We need to define a separate inference architecture that shares the weights of the trained model.

In [None]:
# 1. Define the Inference Encoder
# Input: English Sentence -> Output: Context Vector (State)
encoder_model = models.Model(encoder_inputs, encoder_state)

# 2. Define the Inference Decoder
# Inputs: Previous Word + Previous State
decoder_state_input = layers.Input(shape=(LATENT_DIM,), name="input_state")
decoder_word_input = layers.Input(shape=(1,), name="input_word")

# Reuse layers from training model
x = decoder_embedding(decoder_word_input)
decoder_outputs, decoder_state = decoder_gru(x, initial_state=decoder_state_input)
decoder_outputs = decoder_dense(decoder_outputs)

decoder_model = models.Model(
    [decoder_word_input, decoder_state_input], 
    [decoder_outputs, decoder_state]
)

# 3. Decoding Loop
def decode_sentence(input_sentence):
    # 1. Encode the input
    input_seq = en_vectorizer([input_sentence])
    states_value = encoder_model.predict(input_seq, verbose=0)

    # 2. Start with 'sos' token
    # We need the ID for 'sos'
    vocab = de_vectorizer.get_vocabulary()
    sos_id = vocab.index('sos')
    eos_id = vocab.index('eos')
    
    target_seq = np.array([[sos_id]])
    decoded_sentence = []

    # 3. Loop until 'eos' or max length
    for _ in range(SEQUENCE_LENGTH):
        output_tokens, h = decoder_model.predict([target_seq, states_value], verbose=0)

        # Sample next token
        sampled_token_index = np.argmax(output_tokens[0, 0, :])
        sampled_word = vocab[sampled_token_index]

        if sampled_word == 'eos':
            break
            
        decoded_sentence.append(sampled_word)

        # Update the target sequence and state for next step
        target_seq = np.array([[sampled_token_index]])
        states_value = h

    return " ".join(decoded_sentence)

### 5.1 Testing the Translation
Let's see how our model performs on unseen data.

In [None]:
test_examples = [
    "I love cats",
    "He works every day",
    "She is happy",
    "The weather is nice today"
]

for sent in test_examples:
    translation = decode_sentence(sent)
    print(f"English: {sent}")
    print(f"German:  {translation}")
    print("-" * 30)

## 6️⃣ Chapter Summary

* **Seq2Seq Tasks:** Mapping sequences to sequences is fundamentally different from classification.

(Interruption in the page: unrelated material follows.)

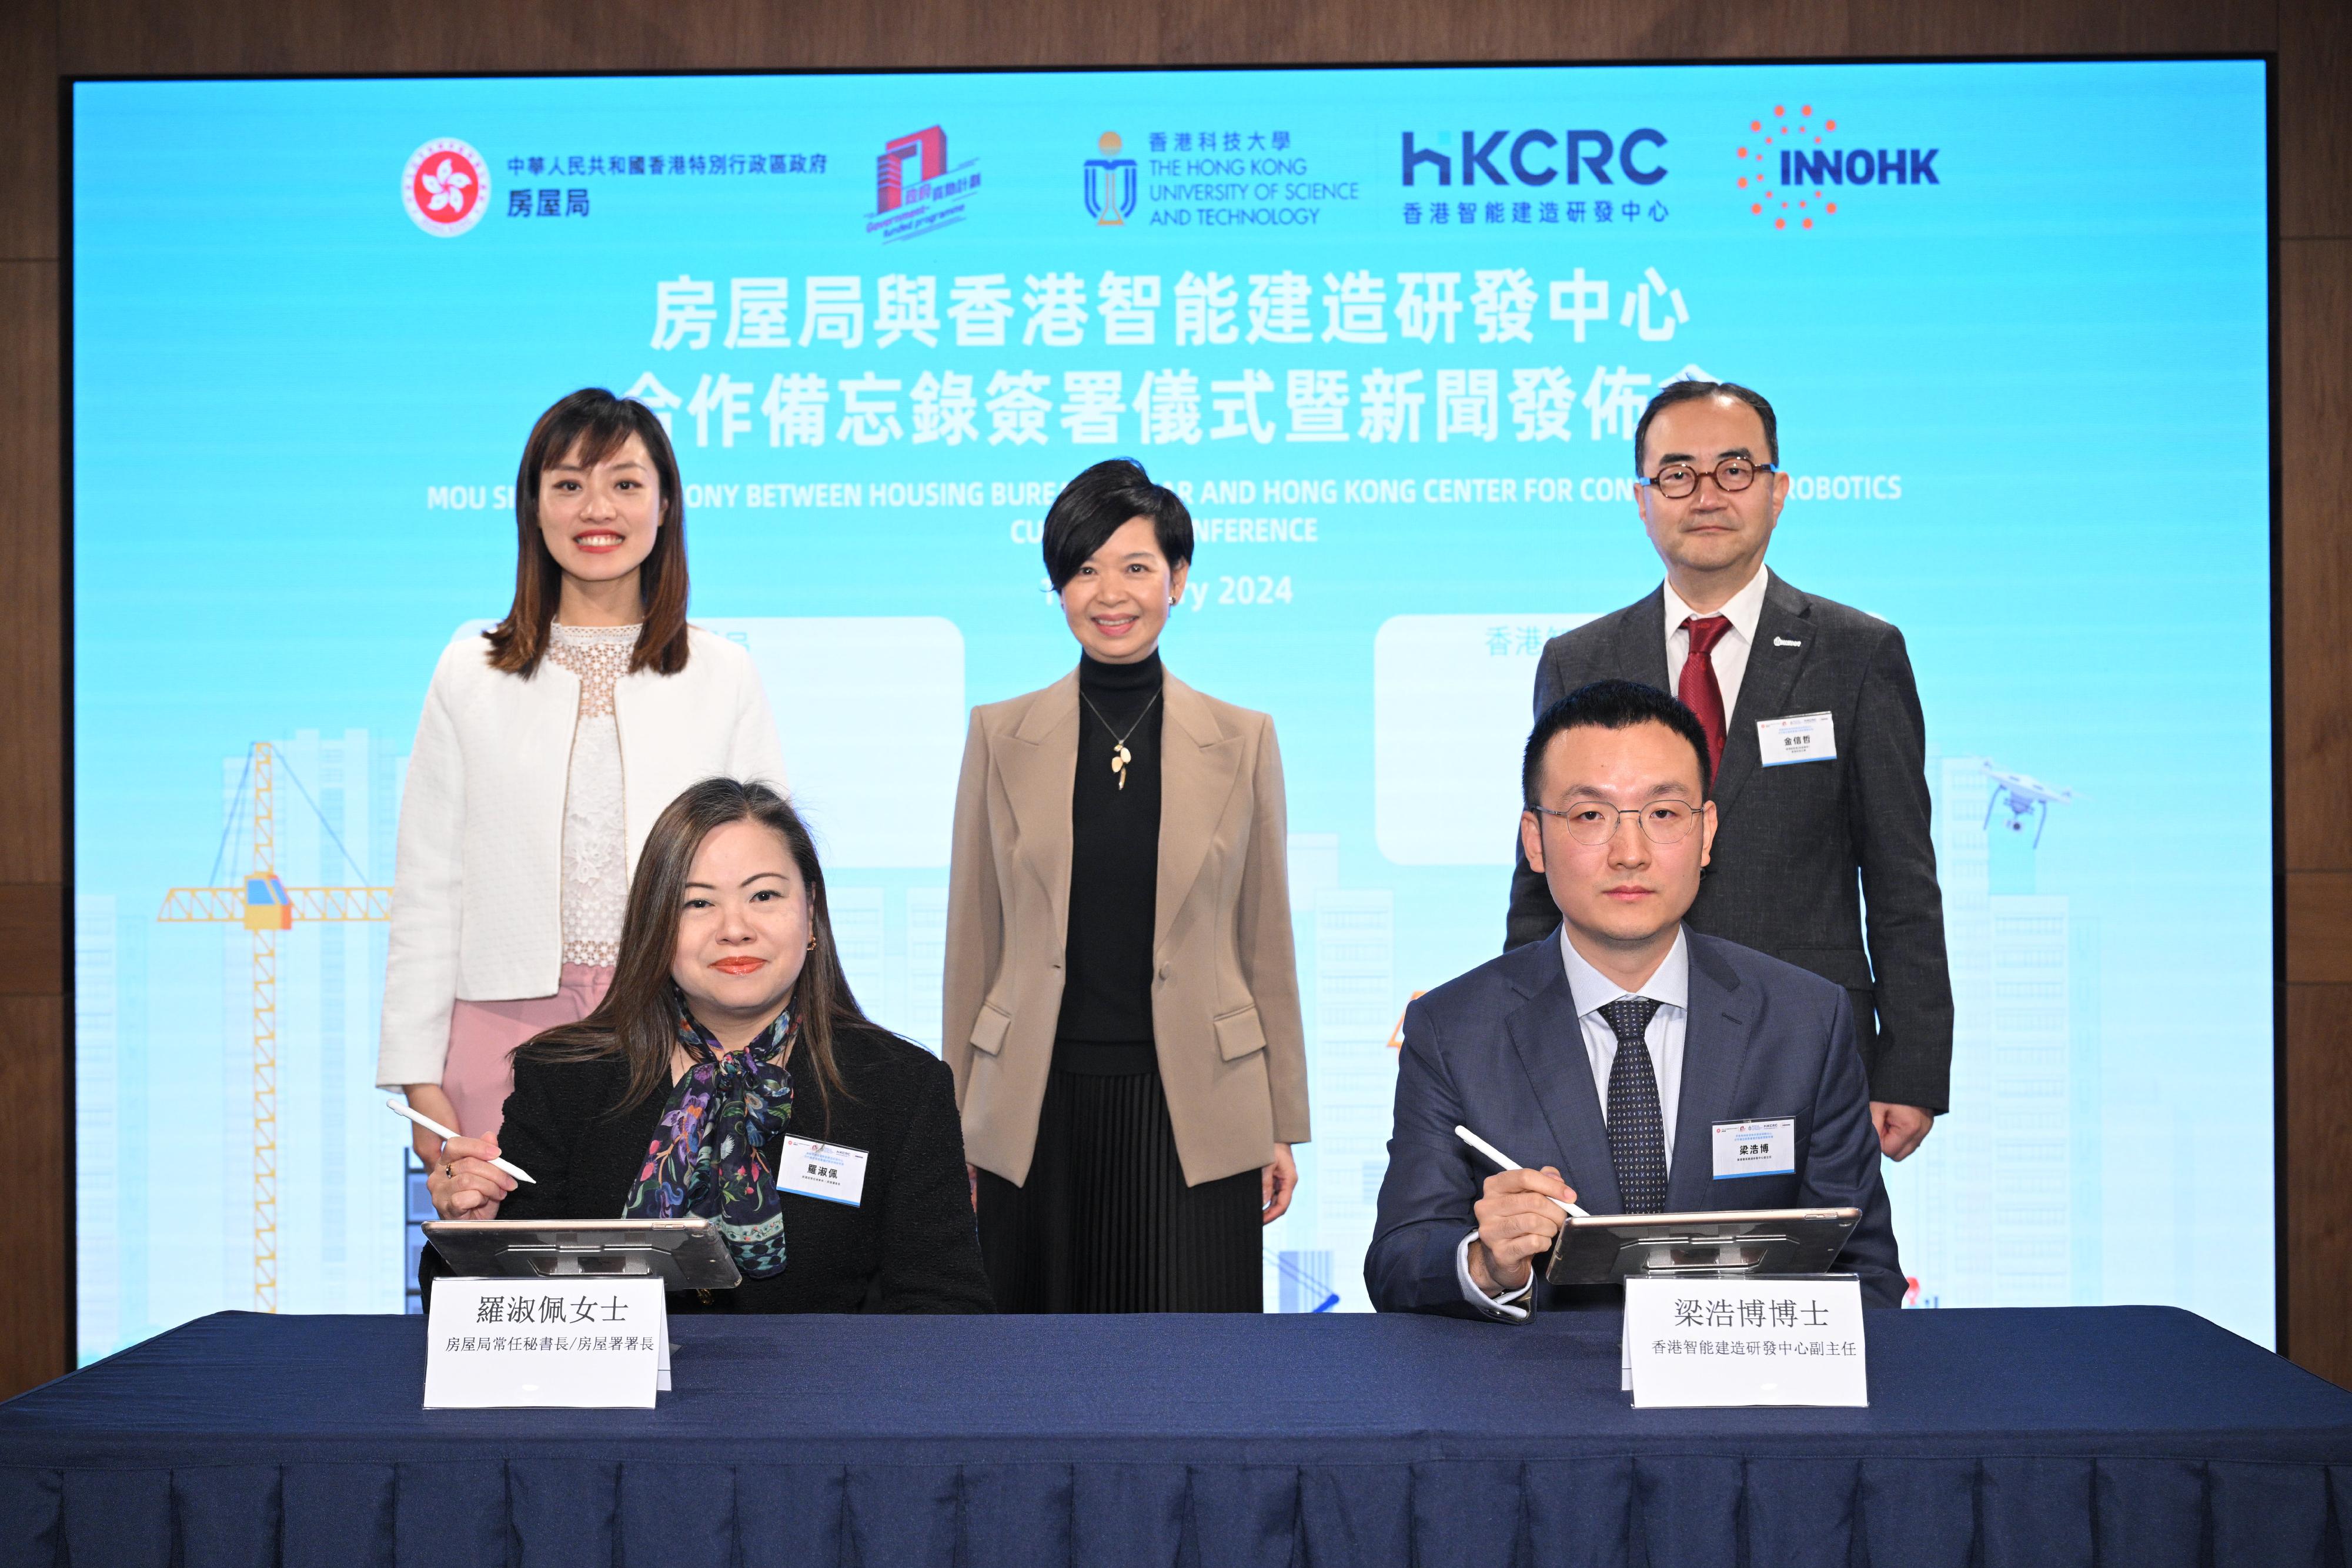 The Housing Bureau signed a Memorandum of Understanding (MOU) with the Hong Kong Center for Construction Robotics (HKCRC) today (January 16) for the establishment of a strategic partnership, with a view to jointly foster the upgrading and transformation of the construction industry, and provide solutions to address challenges including large-scale housing production, the shortage of the construction labour force, continuous enhancement of site safety, etc. Witnessed by the Secretary for Housing, Ms Winnie Ho (back row, centre); the Acting Secretary for Innovation, Technology and Industry, Ms Lillian Cheong (back row, left); and the Chairman of the Board of the HKCRC, Dr Kim Shin-cheul (back row, right), the Permanent Secretary for Housing/Director of Housing, Miss Rosanna Law (front row, left), signed the MOU with the Associate Director of the HKCRC, Dr Liang Haobo (front row, right).

It requires handling variable length inputs *and* outputs.
* **Encoder:** Compresses the source sentence into a single **Context Vector** (State). We used a Bidirectional GRU for this.
* **Decoder:** Unpacks the Context Vector into the target sentence.
* **Teacher Forcing:** During training, we feed the *correct* previous word to the decoder. This stabilizes training.
* **Inference:** During testing, we must feed the *predicted* previous word to the decoder (Recursive decoding).
* **Performance:** While this basic Seq2Seq model works, it struggles with very long sentences because the entire meaning must be compressed into one vector. In the next chapter, we will solve this with **Attention**.